20 KiB
Mosaic Stack — Federation Implementation Milestones
Companion to: PRD.md
Approach: Each milestone is a verifiable slice. A milestone is "done" only when its acceptance tests pass in CI against a real (not mocked) dependency stack.
Milestone Dependency Graph
M1 (federated tier infra)
└── M2 (Step-CA + grant schema + CLI)
└── M3 (mTLS handshake + list/get + scope enforcement)
├── M4 (search + audit + rate limit)
│ └── M5 (cache + offline degradation + OTEL)

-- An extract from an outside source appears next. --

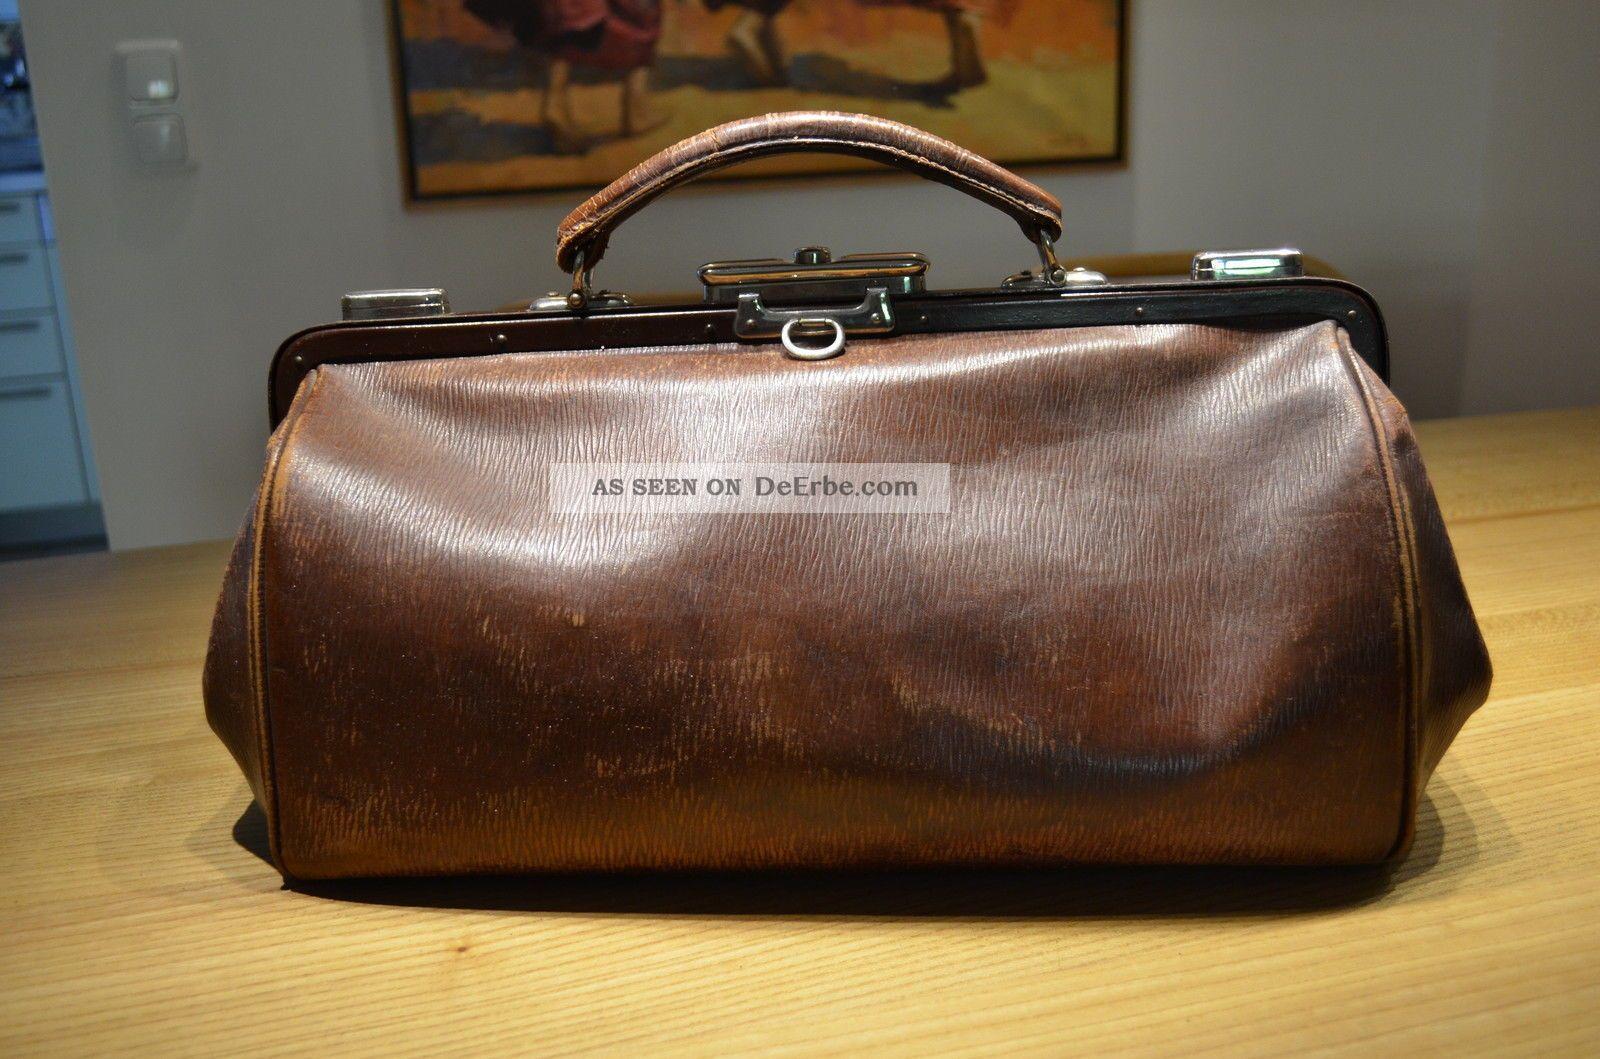 Antike Hebammen Koffertasche - Arzt Ledertasche Koffer Leder Tasche Um 1920 Arzt & Apotheker Bild

├── M6 (revocation + auto-renewal) ◄── can start after M3
└── M7 (multi-user hardening + e2e suite) ◄── depends on M4+M5+M6
M5 and M6 can run in parallel once M4 is merged.
Test Strategy (applies to all milestones)
Three layers, all required before a milestone ships:
| Layer | Scope | Runtime |
|---|---|---|
| Unit | Per-module logic, pure functions, adapters | Vitest, no I/O |
| Integration | Single gateway against real PG/Valkey/Step-CA | Vitest + Docker Compose test profile |
| Federation E2E | Two gateways on a Docker network, real mTLS | Playwright/custom harness (tools/federation-harness/) introduced in M3 |
Every milestone adds tests to these layers. A milestone cannot be claimed complete if the federation E2E harness fails (applies from M3 onward).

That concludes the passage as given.